## Prompt
All the data should be repeated exactly. Any image in it is left out.

## Recorded information

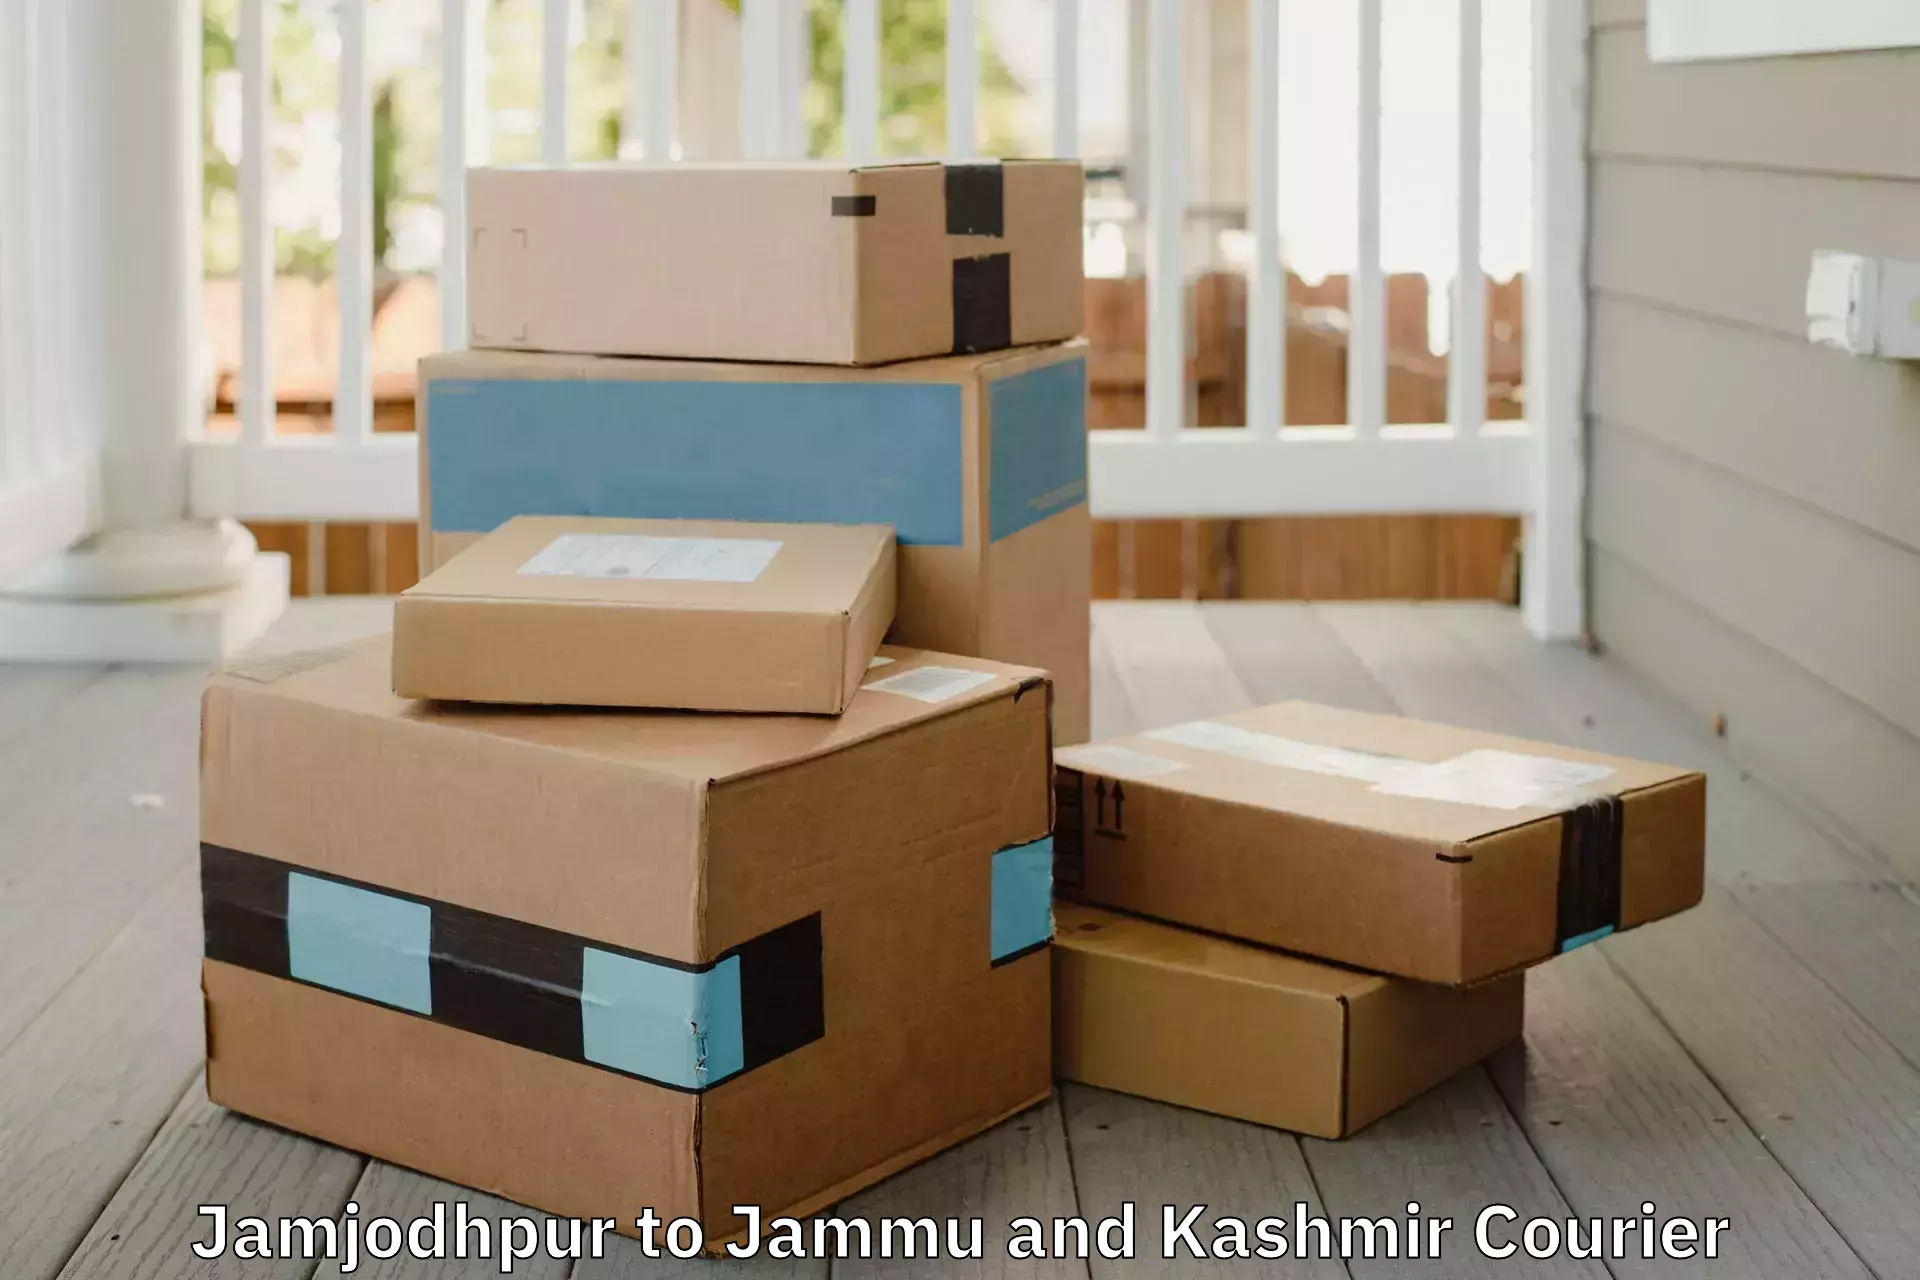 Home goods moving Jamjodhpur to Rajouri
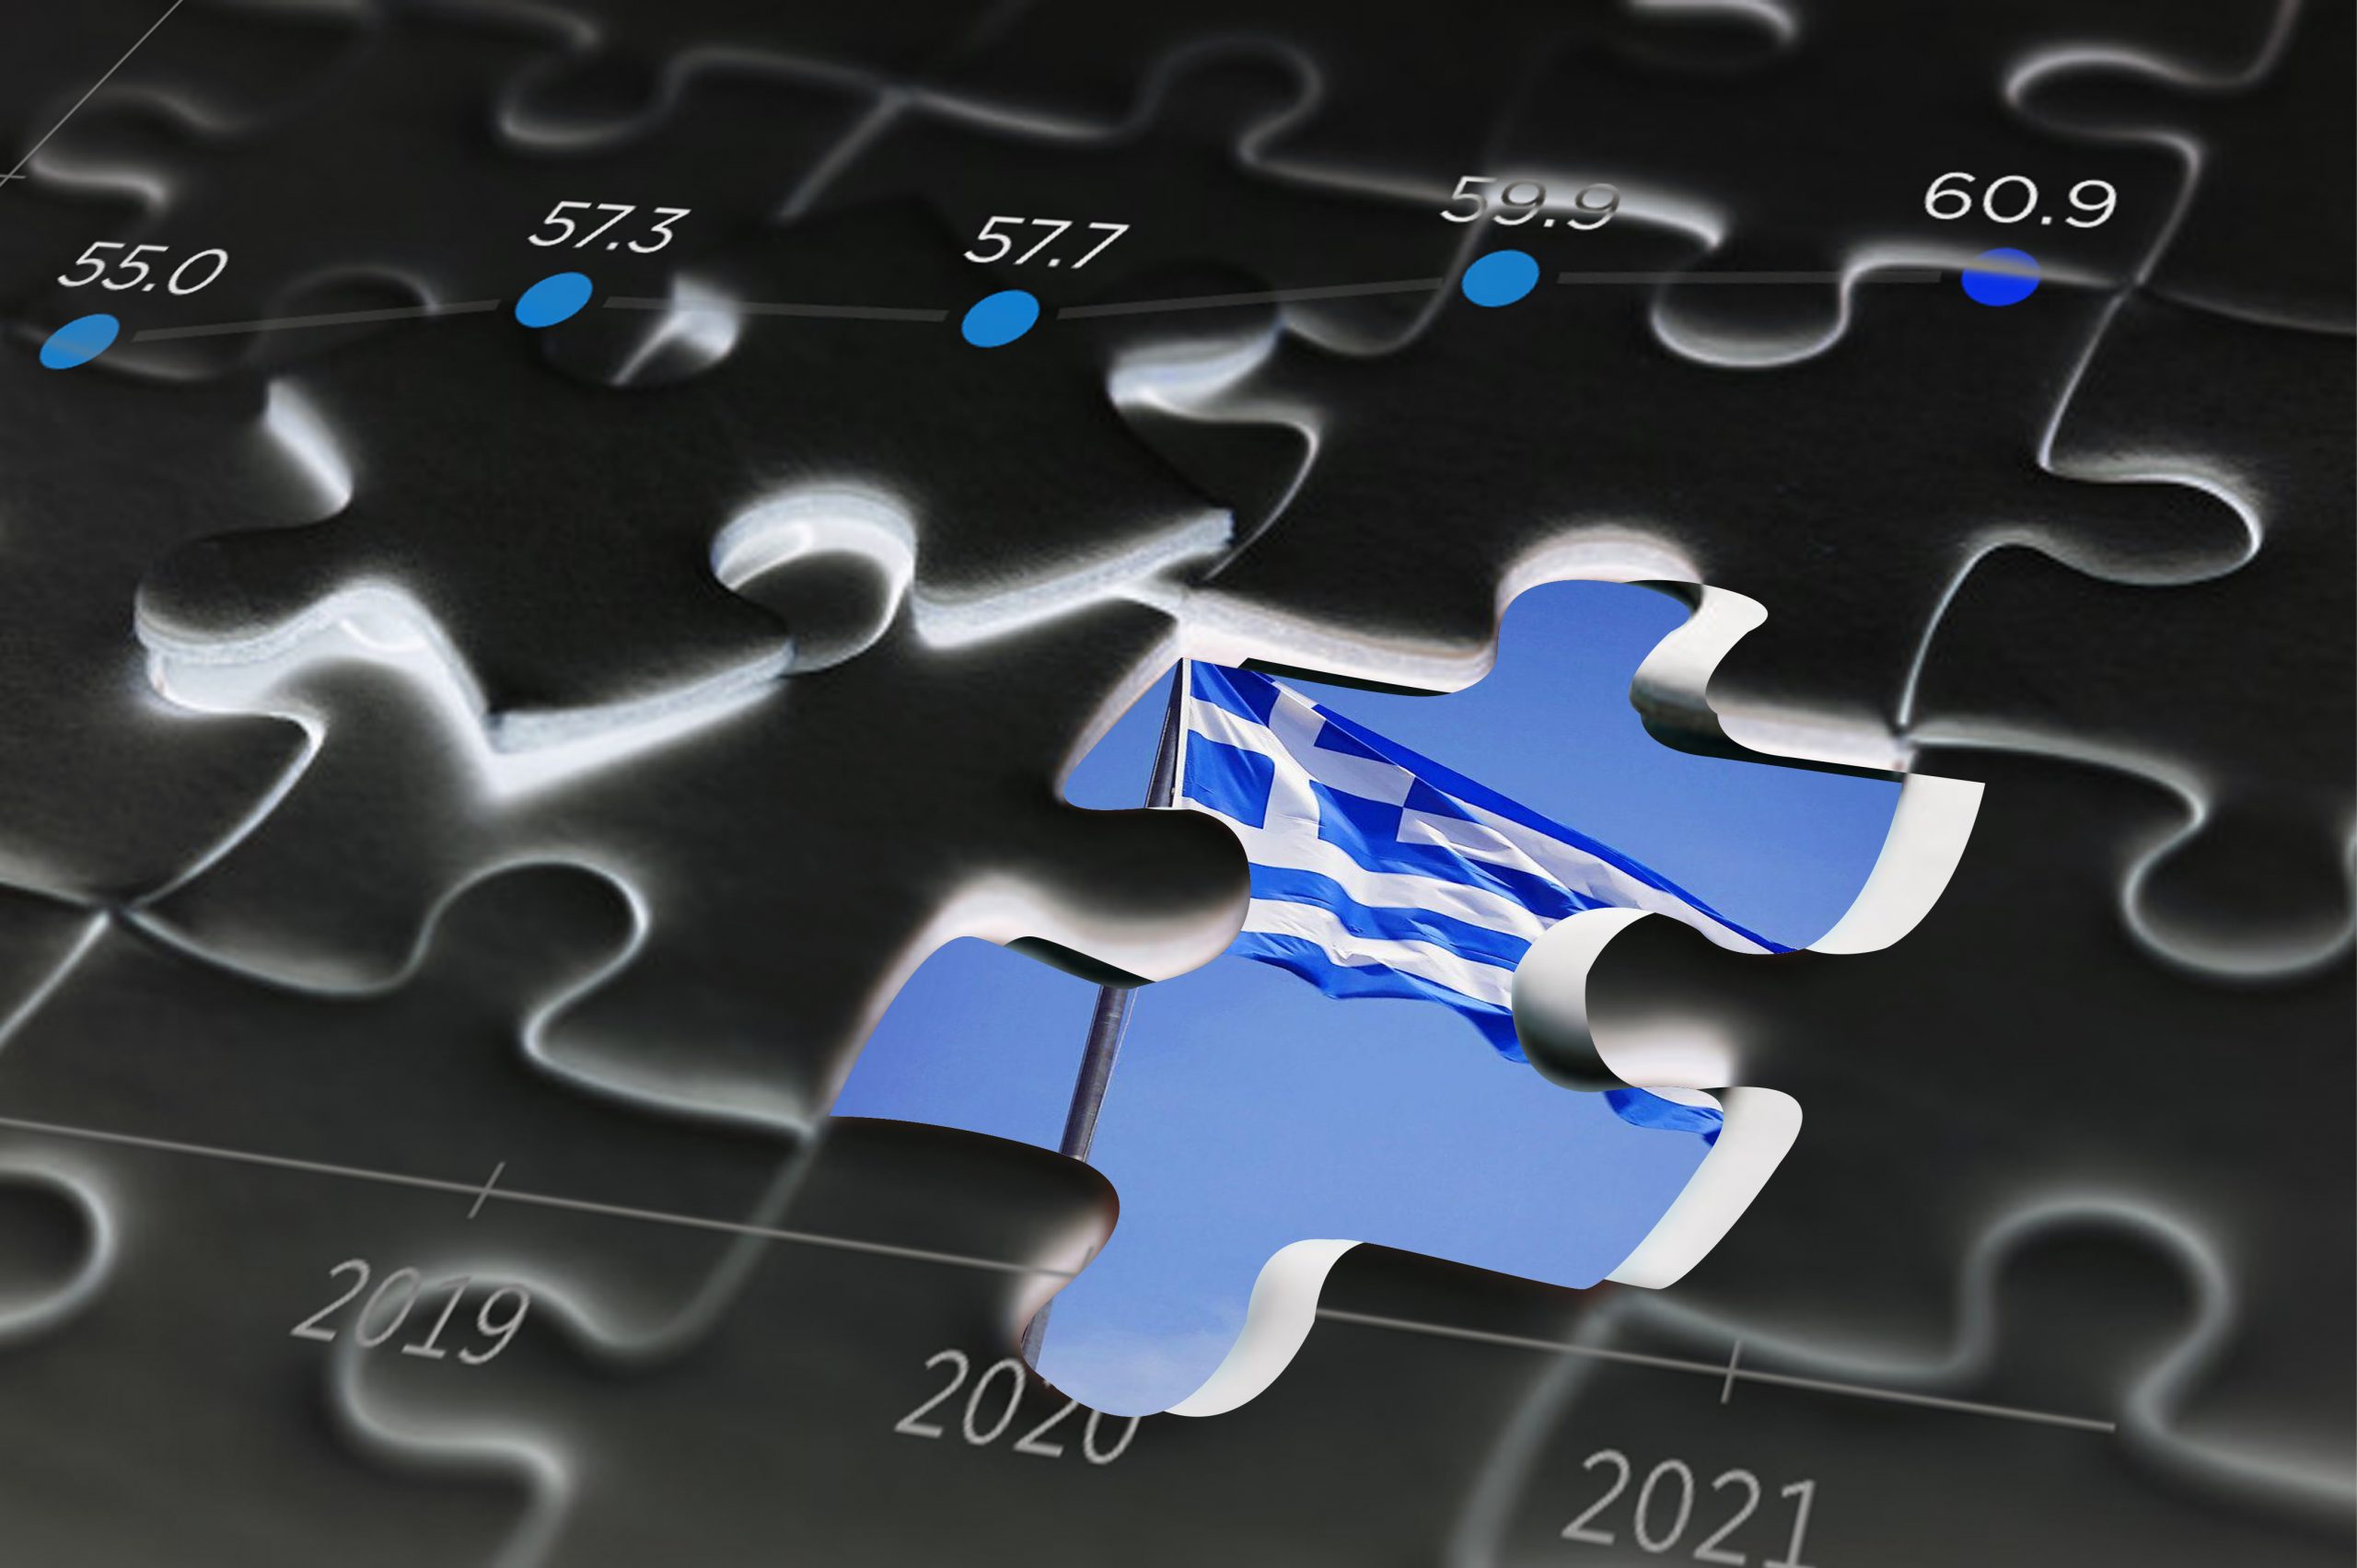 Δείκτης Ανάκαμψης : Το οικονομικό κλίμα  στην Ελλάδα βελτιώνεται αν και η ανακάμψη επιδεινώνεται
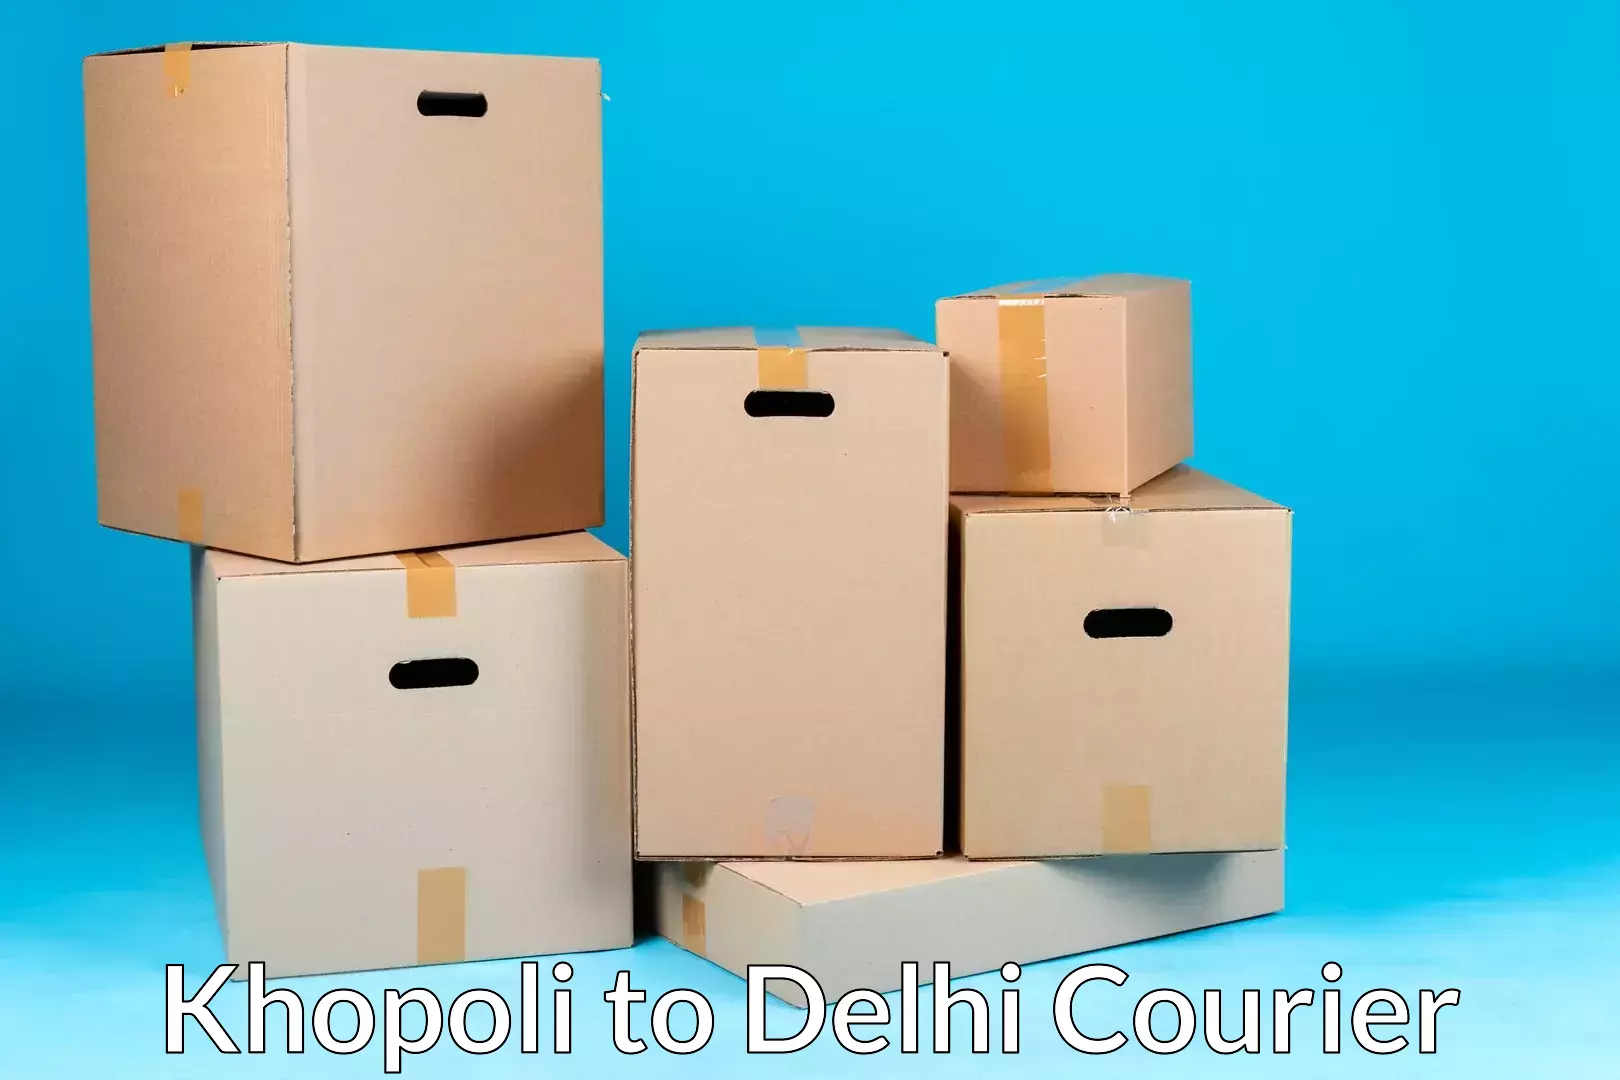 Premium moving services in Khopoli to Delhi

## Finished exercise
 Home goods moving Jamjodhpur to Rajouri
 Δείκτης Ανάκαμψης : Το οικονομικό κλίμα  στην Ελλάδα βελτιώνεται αν και η ανακάμψη επιδεινώνεται
 Premium moving services in Khopoli to Delhi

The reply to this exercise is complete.